Community Concept Drawing

Community Concept Drawing
Arts-Based Participatory Tools for Understanding Community Experiences and Informing Resilience Policy Planning
Wednesday, 18th June 2025
Ramphal Building, Room 2.41, University of Warwick
About the Event
Climate Change is affecting communities in different ways, and community members have different plans about how to respond. While policy makers and scholars have ideas about what climate resilience is, it isn’t always true that communities share those same ideas. Arts-based participatory tools can provide interesting ways of learning about community experiences with climate change and offer insights to policy planning for resilience. Dr. Chesney McOmber joins us from Keene State College to share Community Concept Drawing (CCD, an arts-based method used for development practice and resilience planning.Join us to learn more about the CCD method and try out how to do it!
Event Schedule
10:00 AM - 11:00 AM Talk with Dr Chesney McOmber
11:00 AM - 12:00 PM Networking Lunch
Organiser and Speaker Biographies

Dr Camilla Audia, University of Warwick
Camilla grew up across Italy, Senegal, and Burkina Faso.
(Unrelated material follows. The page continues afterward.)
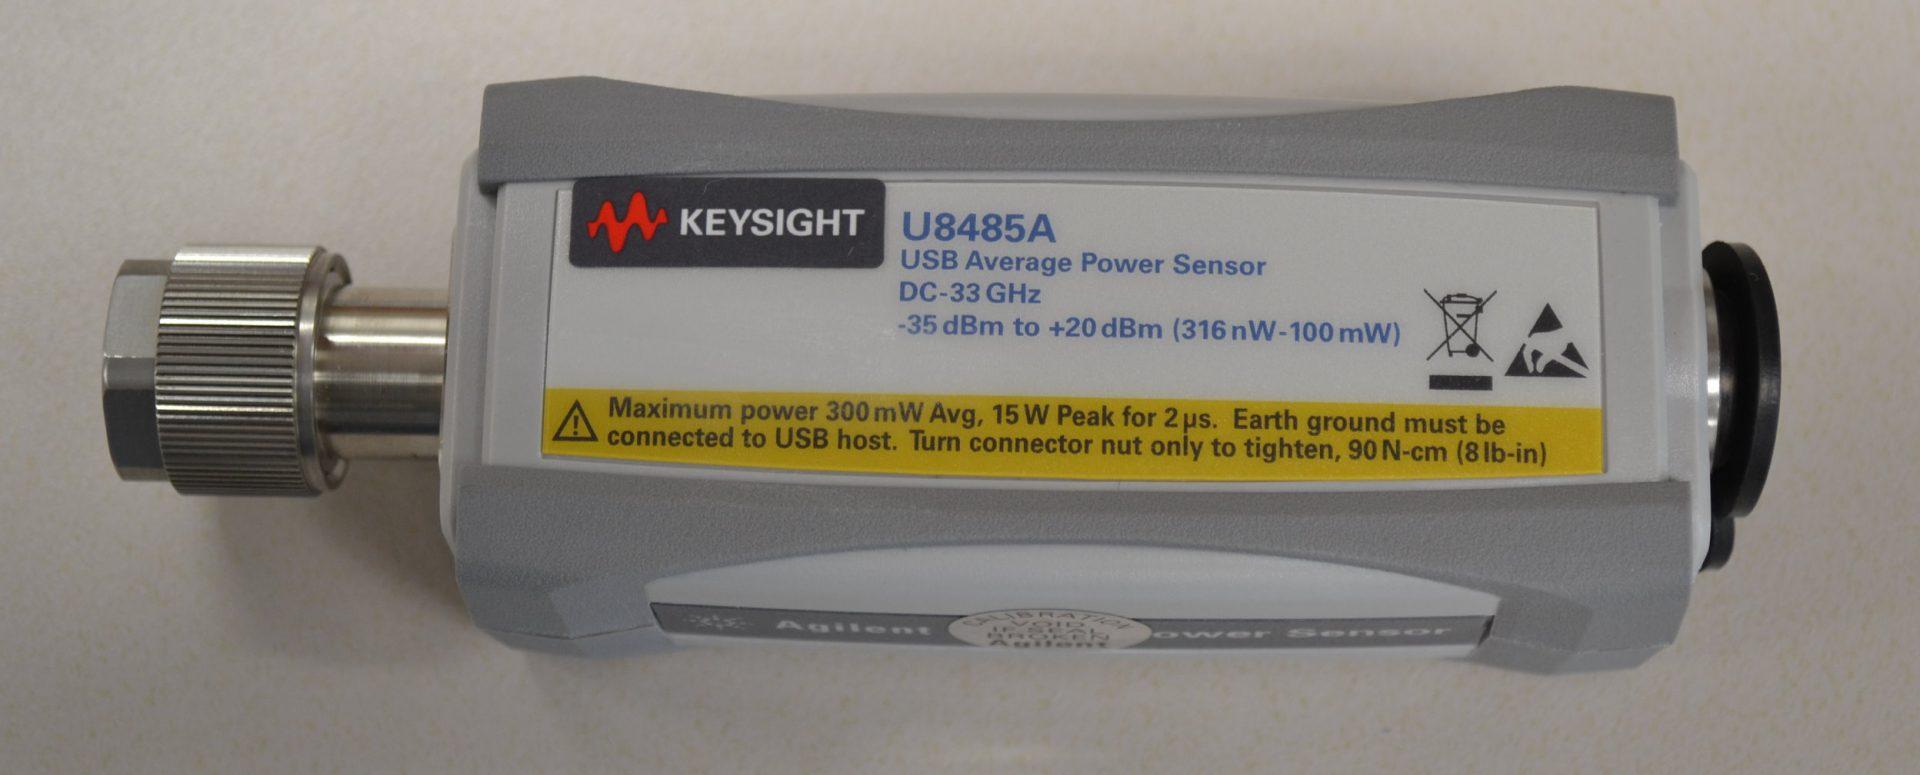 Keysight U8485A Usb Thermocouple Power Sensor

She completed her PhD at SOAS in 2018, researching land and resource management during El Nino and La Nina in Burkina Faso. After 7 years as a researcher at King’s College London, she joined the University of Warwick in 2022. Her research focuses on the intersection of climate change, health, and sustainable development, emphasising co-produced knowledge. Camilla uses arts-based and embodied methods, such as photography, film, and theatre, to tackle complex societal issues and challenge traditional policy-science dynamics.
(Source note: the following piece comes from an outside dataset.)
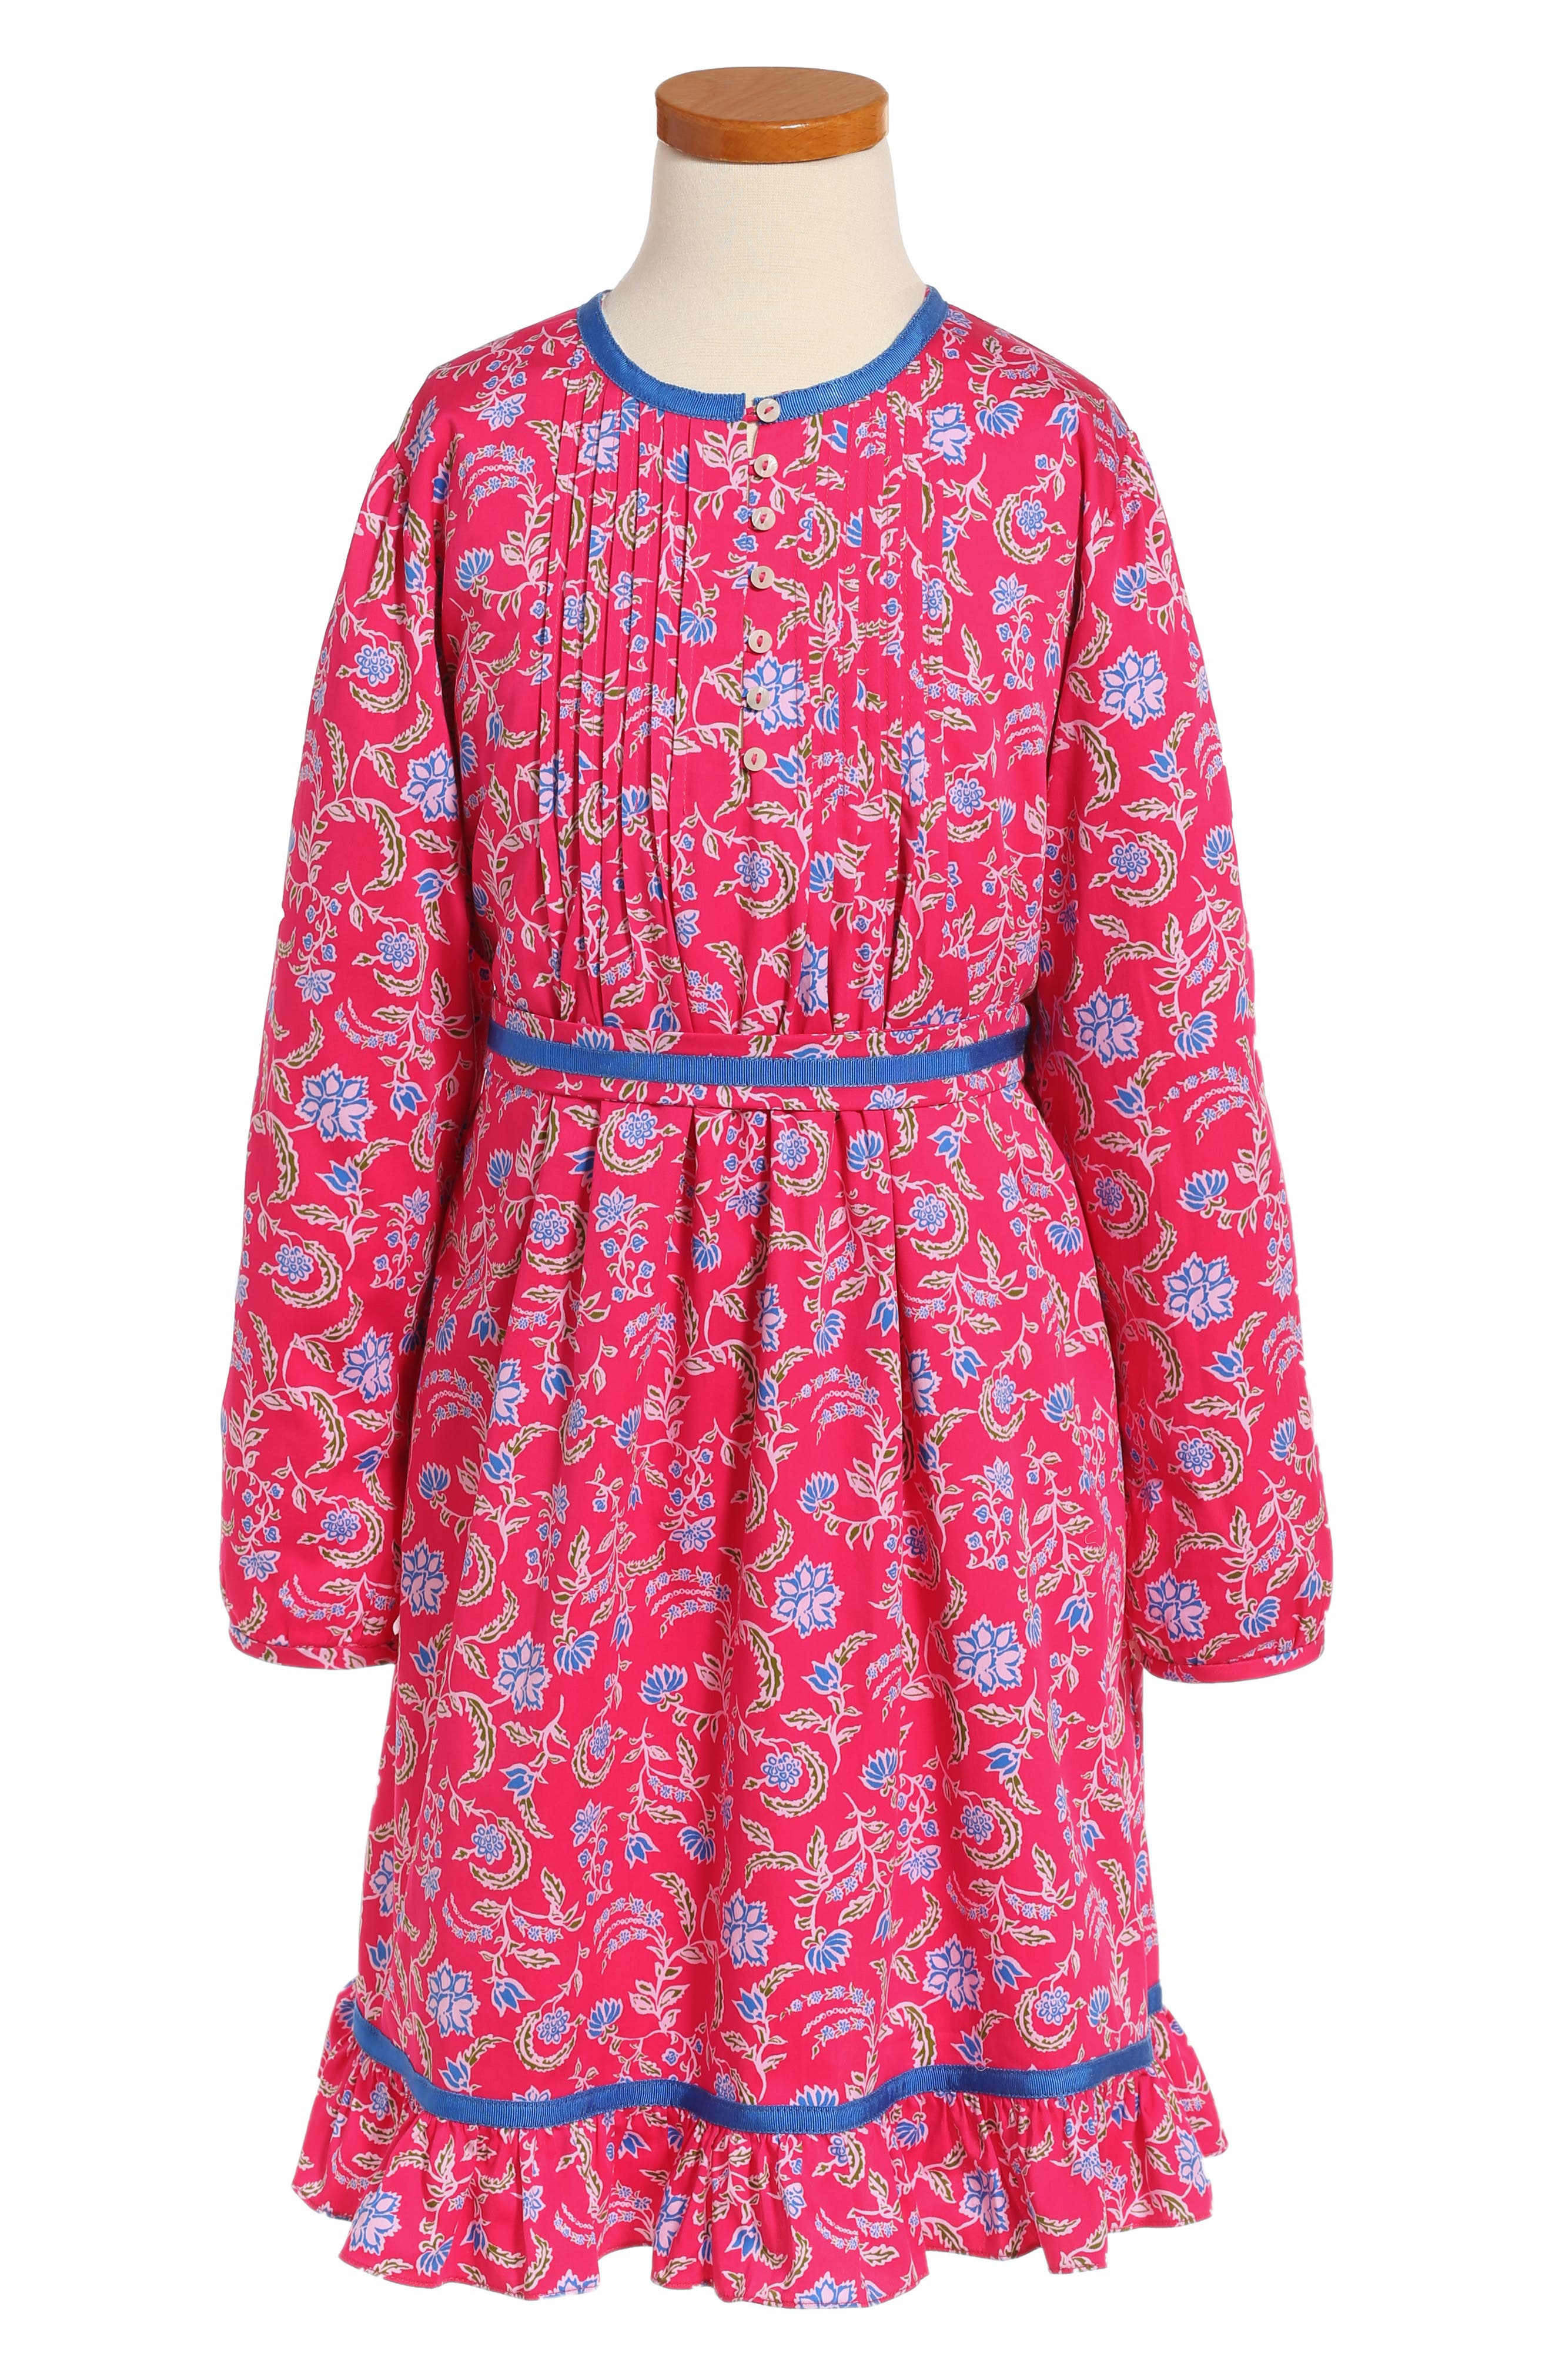 Main Image - Oscar de la Renta Lotus Flower Dress (Big Girls)

Dr. Chesney McOmber, Keene State College
Chesney is a political scientist specializing in Comparative Politics and International Relations. She studies the human dimensions of climate change and is particularly interested in the processes and mechanisms that promote or enable social transformation to build a climate-resilient future. Her research focuses on environmental politics among marginalized populations, including women, ethnic minorities, and indigenous groups. Chesney's fieldwork experience spans globally, from the United States to South Africa, Jordan, Morocco, Kenya, and Nepal. While some of her recent research has included mixed-methods approaches, her methodological expertise lies in gender analysis, participatory visual methodology, and ethnographic methodology to explore the concept of empowerment amidst environmental change.